Again... back up anything you don't want to lose! I probably would be crying if I hadn't.



chrapladm said:


> Just wondering how the cooling has been working as far as the drivers staying cool?
> 
> I would like to build the same exact thing and everytime I look at the Norco unit the reviews all talk about the drivers having no extra room at all.
> 
> But that being said I think I will still go ahead with the build.


I don't have one of those utilities that show all the bays and each drive temp. I originally wanted to get one but honestly I got side tracked and after all this time everything is running fine.

I also have an HD docking port on my main PC. They are nice and I can pop any SATA drive in and access it without having to either open my case or bust out one of my empty MyBook cases and play around with that.

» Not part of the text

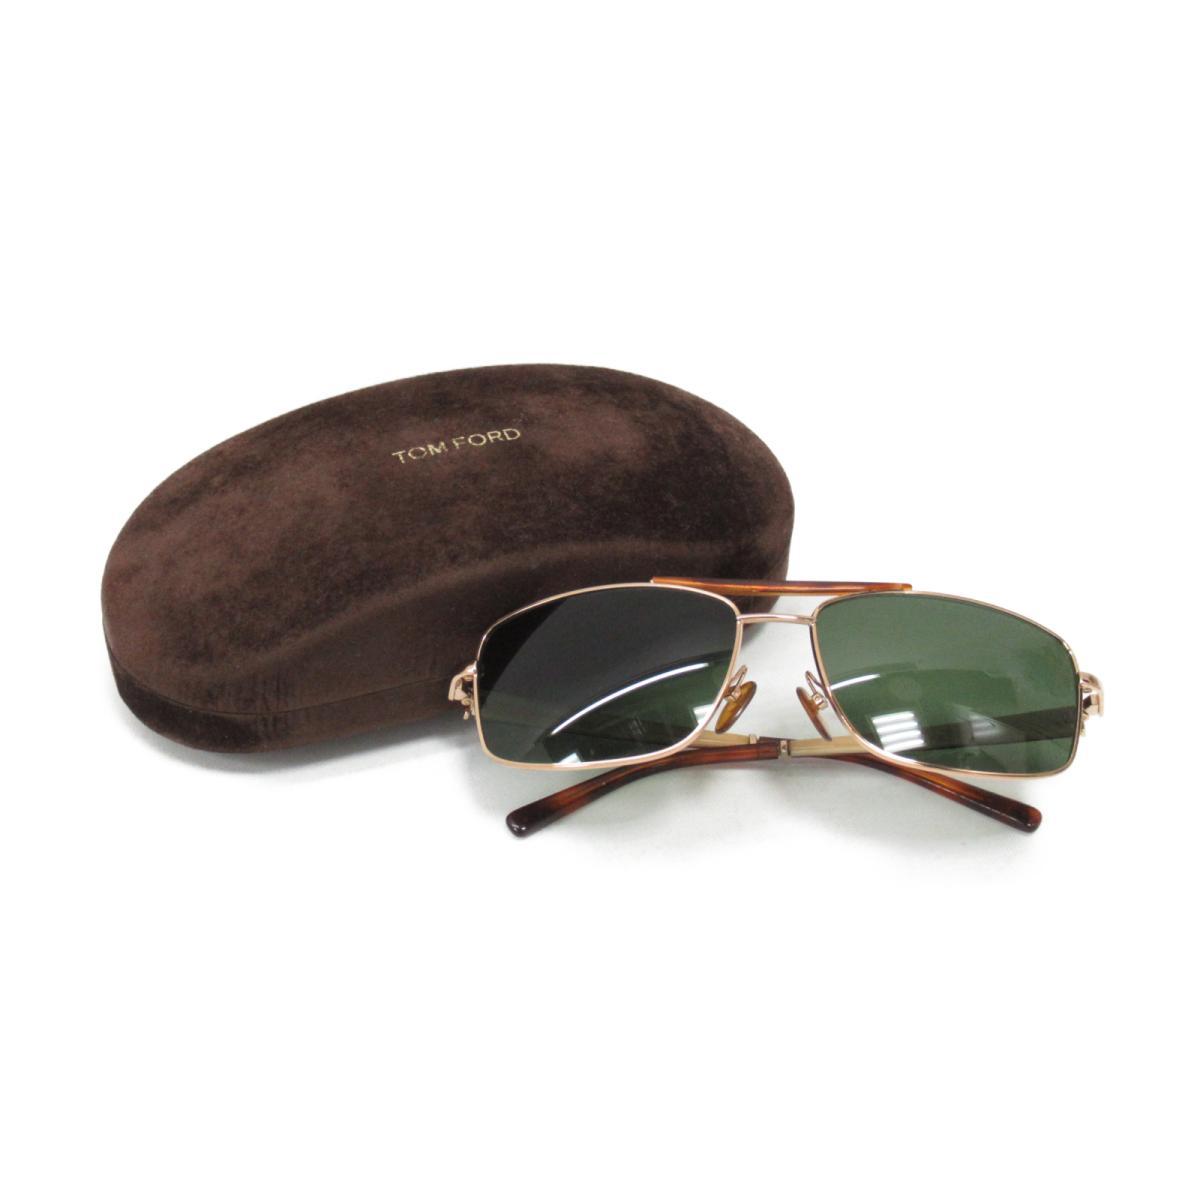 2bffc2e35ac Tom Ford sunglasses accessories men gap Dis plastic frame    lens of Brown  line
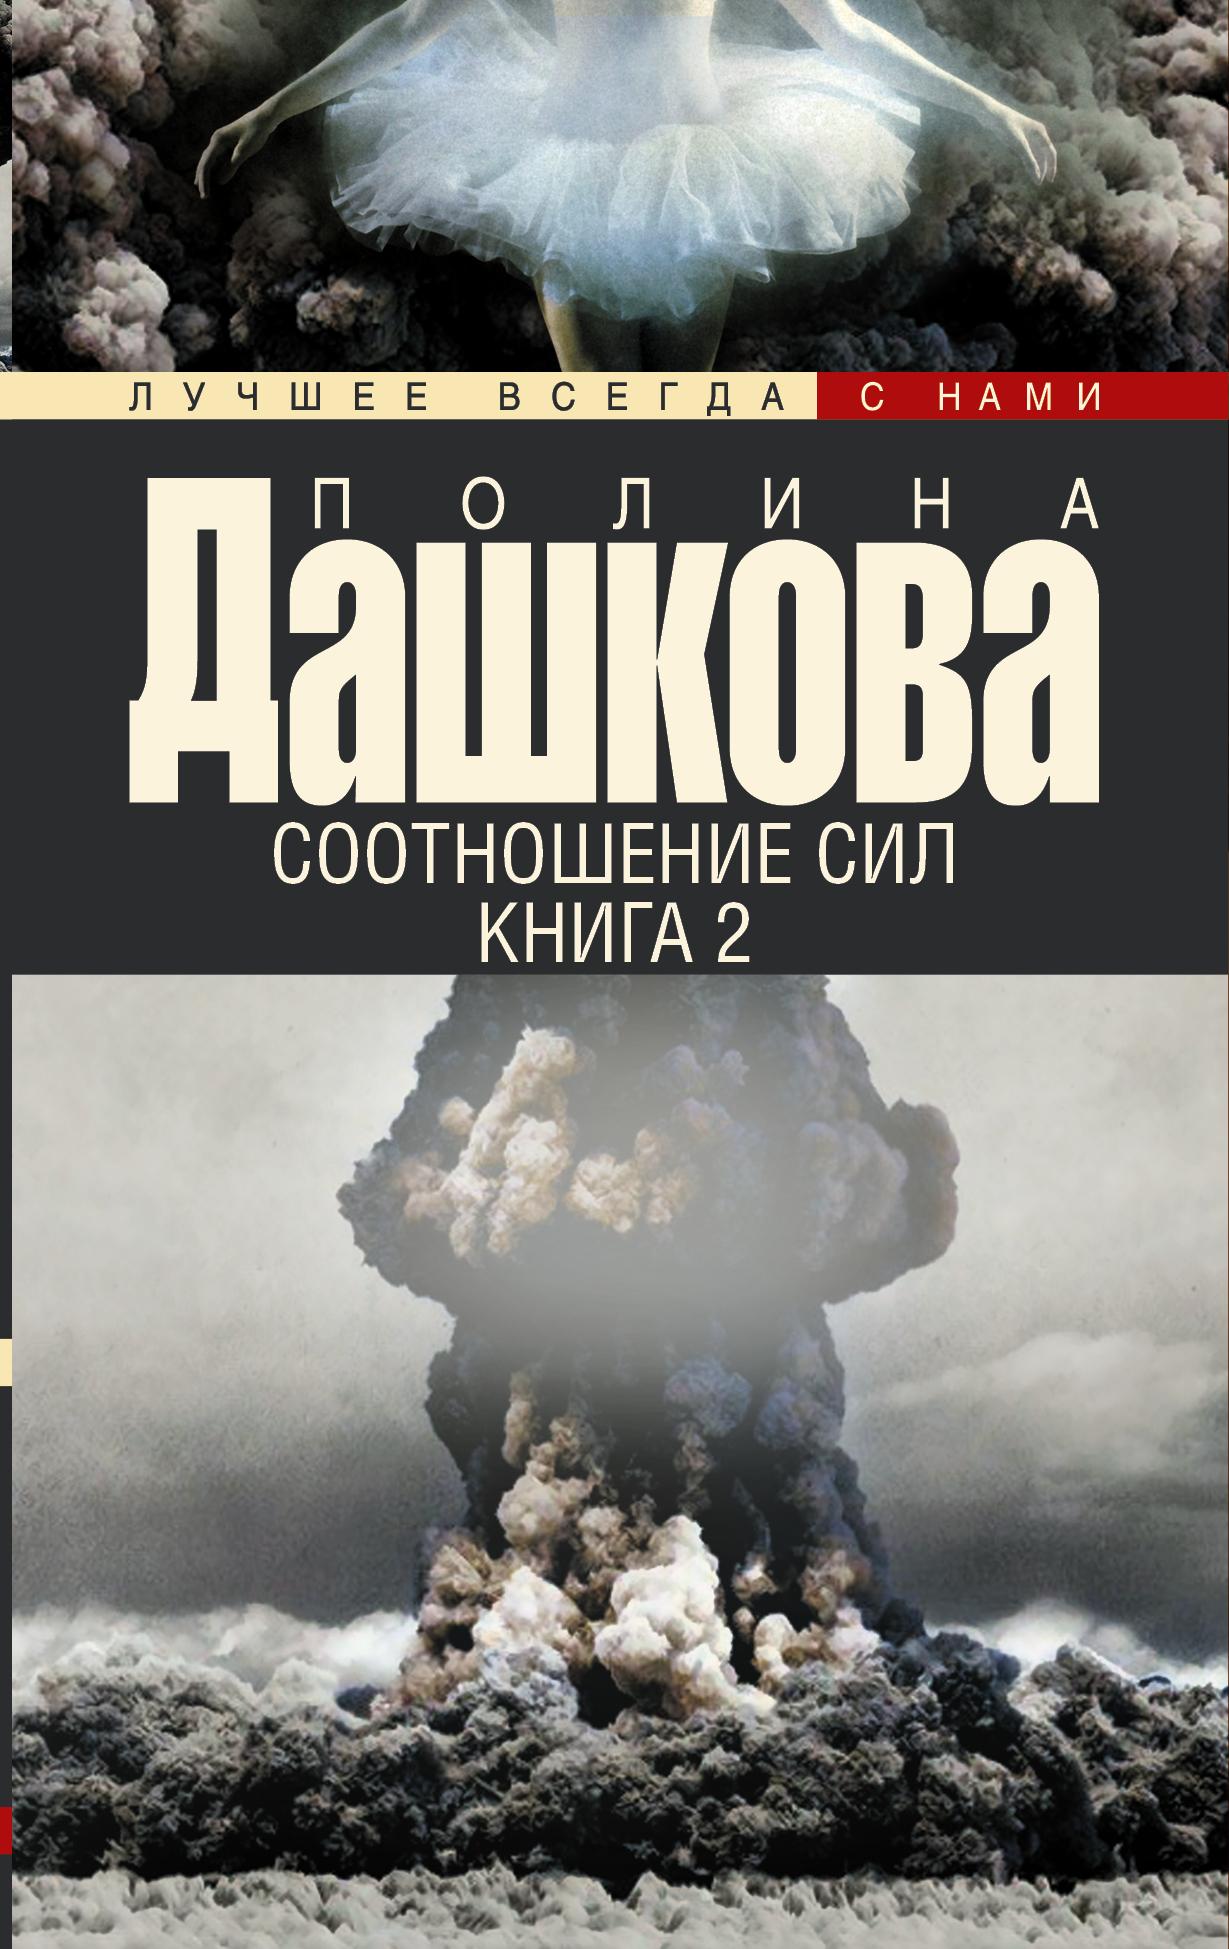 Дашкова П.В. Соотношение сил. Книга 2 дашкова п в соотношение сил

What I see is for normal use the drives remain very cool. Even watching a 3 hour movie there is realitively no heat from the drive. However when I try to copy say a TB of data to or from a docked drive, I can hear it spin up to its faster mode and stay that way. That's when I start to feel some heat coming off the drive.

That's not typically how the drives work in WHS though, so they aren't being used for a massive upload or download of data like I described above. WHS spreads things out across many drives so rarely would any one drive be running long enough to get that hot. Then add in the airflow those big 120mm fans are huffing through the server and everything has stayed nice and cool for me


----------



## wbassett

Again back to the question of if I am happy and if I am still enjoying my Norco...
I plan on building another one soon as well as a 10 bay version for my son!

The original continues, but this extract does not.